Makuski takes the Metro Wire to print

By Lisa Pett

Next month, the Point/Plover Metro-Wire will celebrate its fourth birthday. This publication was born amongst unprecedented upheaval in the world of daily news. Owner, publisher, and editor Brandi Makuski’s motivation to jump into what could be considered a dying business model speaks to both her dedication to journalism and her determination.

Makuski has no formal journalism training (besides Nancy Zavodsky’s help with the AP Style Book and formatting for the school paper for St. Pete’s Middle School). She spent three years as a reporter at the Stevens Point Journal before jumping into the deep end of the news business.

In 2010, Makuski created a hyperlocal news website called the Stevens Point City Times—a scrappy newcomer that offered a weekly print edition to readers in 2013. She sold the news site to Multi Media Channels, a publishing company that owned and printed The Buyer’s Guide shopper, in 2014, where she would be responsible for editorial content and keep her position as editor.

It is a decision she now regrets, calling City Times “her biggest success” to date.

She was summarily fired from the organization she poured everything into in November of 2017.

Down, but not out, she immediately went online days later with the Point/Plover Metro Wire

Makuski’s career in journalism is not without controversy. She has learned on the job and certainly made mistakes. She has faced threats and lawsuits. She is alternately excoriated as both a left-wing shill and a right-wing pundit. Charges of bias, incorrect reporting, and slanted reporting continue. Makuski stands firmly behind everything she publishes.

It is impossible to separate the person from the organization since Makuski is the face and keyboard behind the PPMW. There is a business side, a controversial, conservative columnist, and the occasional contributing reporter. But for all intents and purposes, Makuski is the PPMW. And her relationship with city and county elected representatives can be fraught.
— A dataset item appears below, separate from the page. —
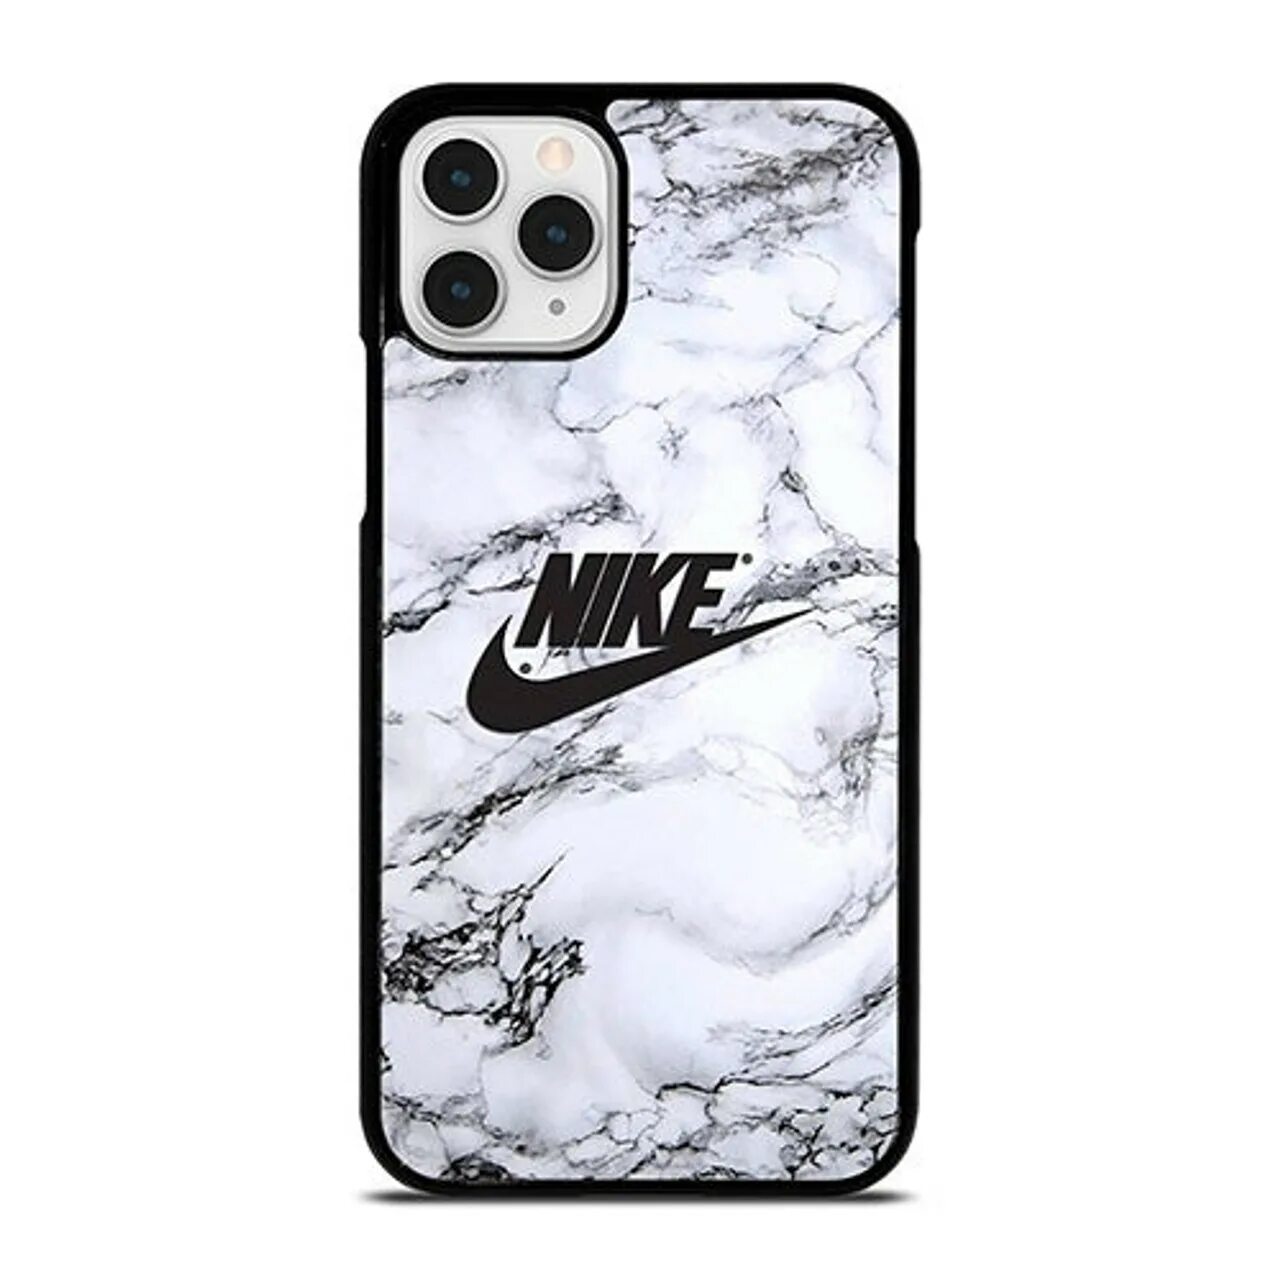 Чехлы на телефон про макс. Чехол на айфон 11 Nike Air. Чехол найк на айфон 11. 11 Iphone chehol Nike. Nike iphone 11 Case.
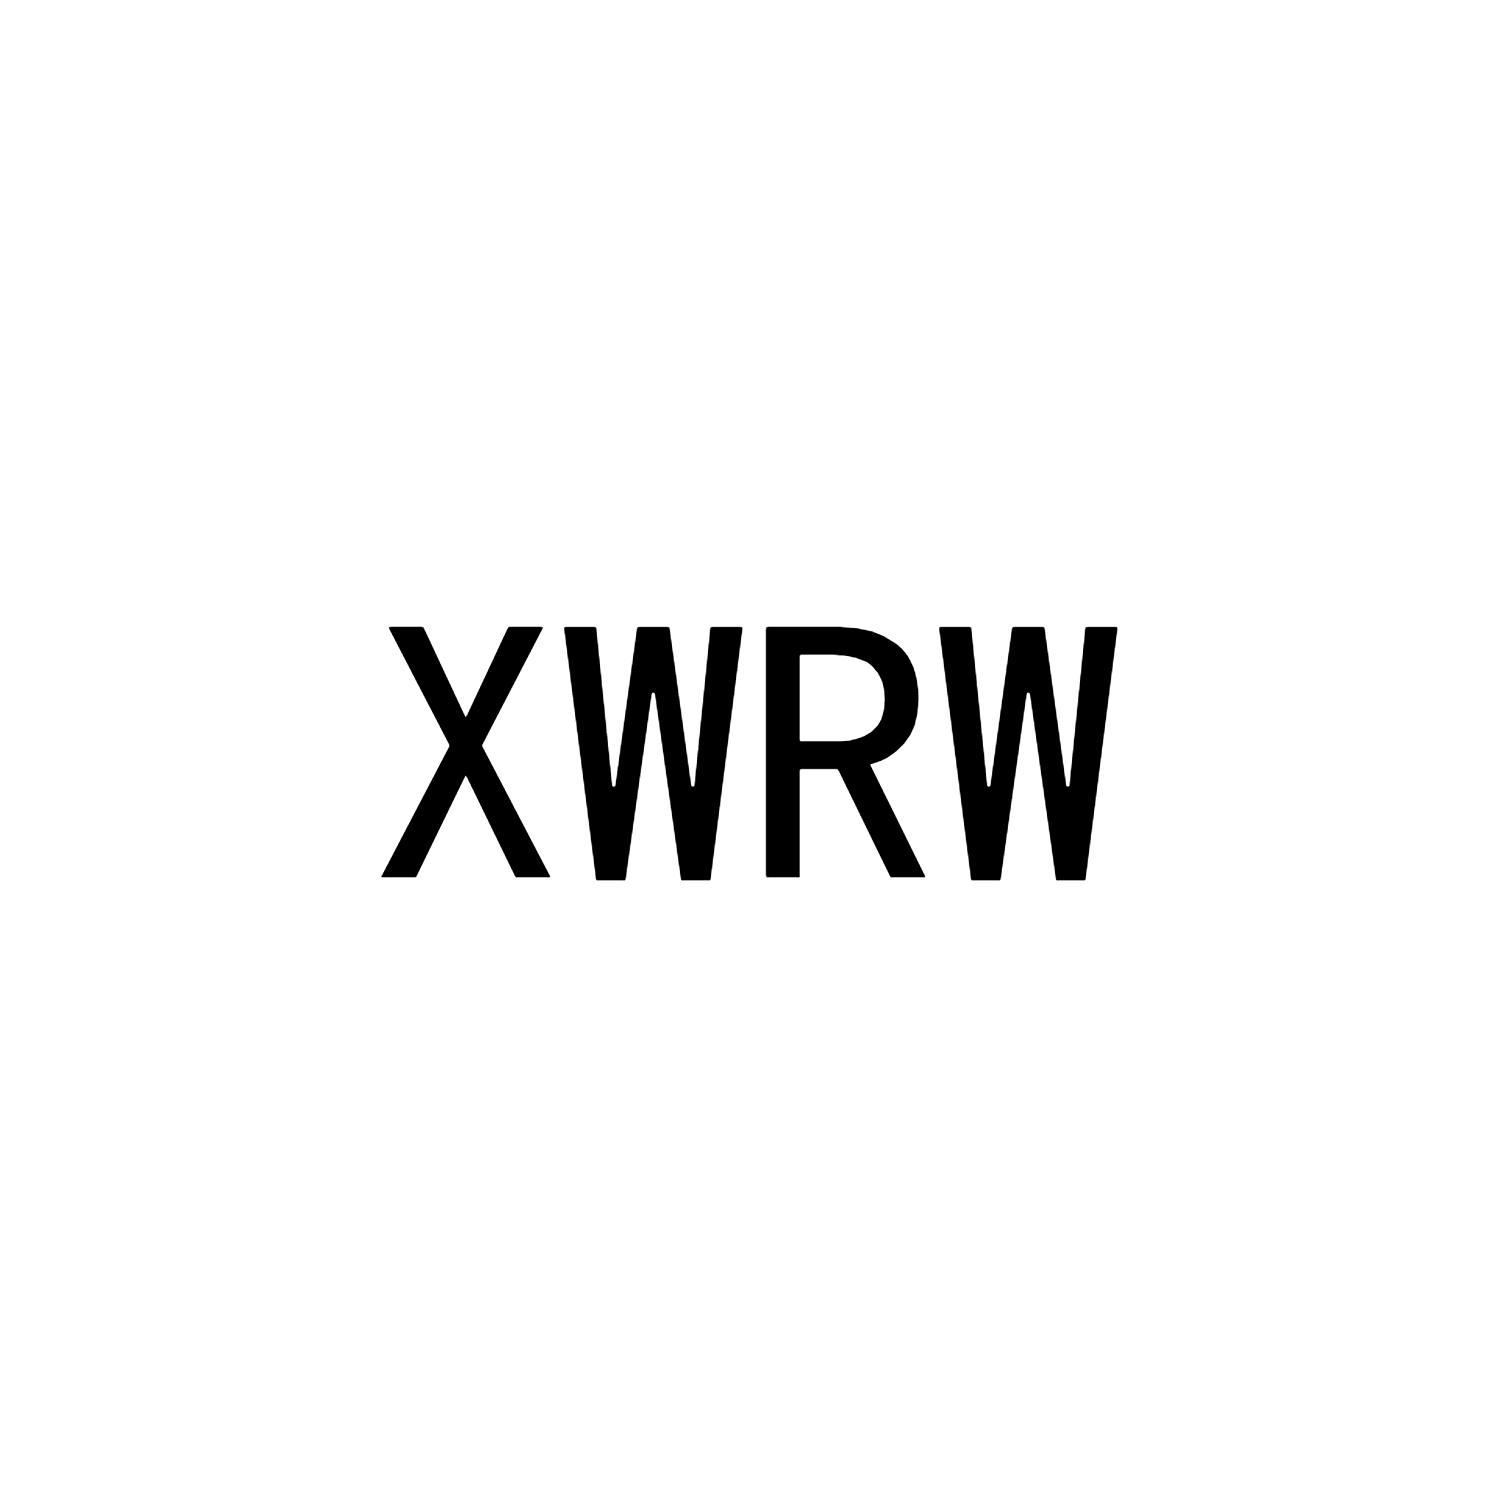 XWRW

The current mayor of Stevens Point remains banned from commenting on PPMW’s Facebook page, and weekly meetings in the mayor’s office subsequently stopped. Some city alders refuse to speak to her at all. Some prefer to communicate directly through Facebook.

Journalism is the only career in this country that is enshrined in the Constitution. Freedom of speech (written and spoken) was deemed so vitally important to democracy that government control or interference in public speech is severely limited. 

And yet while those journalistic endeavors are protected from government intrusions, they are still subject to the vagaries and challenges of a capitalist marketplace. Money still speaks loudest. Corporate and monied interests can manipulate media to their advantage.

The only people standing in their way are journalists.

It’s shocking to think that the bottom dropped out of journalism in just one generation. Newspapers have been the watchdog of governmental transparency. They have exposed capitalist corruption and law enforcement malfeasance. They cover city council meetings, local school board meetings, and war zones with the same kind of dedication.

Currently, print newspapers have shriveled away to nearly nothing. After all, printing is expensive and distribution is slow compared to the speed of the internet. The internet opened up the world—but it’s one that is chaotic, confusing, and riddled with misinformation.

How do local news organizations compete with that? Corporate ownership of daily news organizations in Wisconsin is dominated by Gannett—which owns the Stevens Point Journal, and the powerhouse publication, the Milwaukee Journal-Sentinel. The collapse of print newspaper subscriptions and the advertising dollars propping up the businesses increased the need to adapt to an online media model. The switch has not been easy. Media organizations still struggle to regain the income needed to operate and pay their greatly reduced staff.

Even though the internet and social media helped lead to the collapse of the printed daily paper, the shift to online news and social media advertising is still the direction journalism is taking. You can’t put the genie back into the bottle.

Compared to other news organizations (Stevens Point Journal, Stevens Point City-Times/Portage County Gazette—MMC purchased the latter and combined their staff and online presence) the Metro Wire remains small but determined. With over 3,000 paying subscribers and 49,000 unique visitors to the website last month, it’s still going. And it’s about to go into print. 

The Point Plover Metro Wire is getting ready to produce a weekly print edition, which, given the current news landscape, seems like a big risk. But Makuski’s nostalgia for the “paper” in “newspaper” might meet the demands of her readership. The Metro Wire will cease sending out the weekly Wired In e-edition in deference to the new print version. 

It’s obvious that no matter what happens, Makuski isn’t going anywhere. Her dedication to journalism cannot be denied, regardless of what you think of her reporting. Makuski will continue making a case for the legitimacy of her organization. 

Lisa Pett is an occasional contributor to the Metro Wire. She lives her with family in Hull.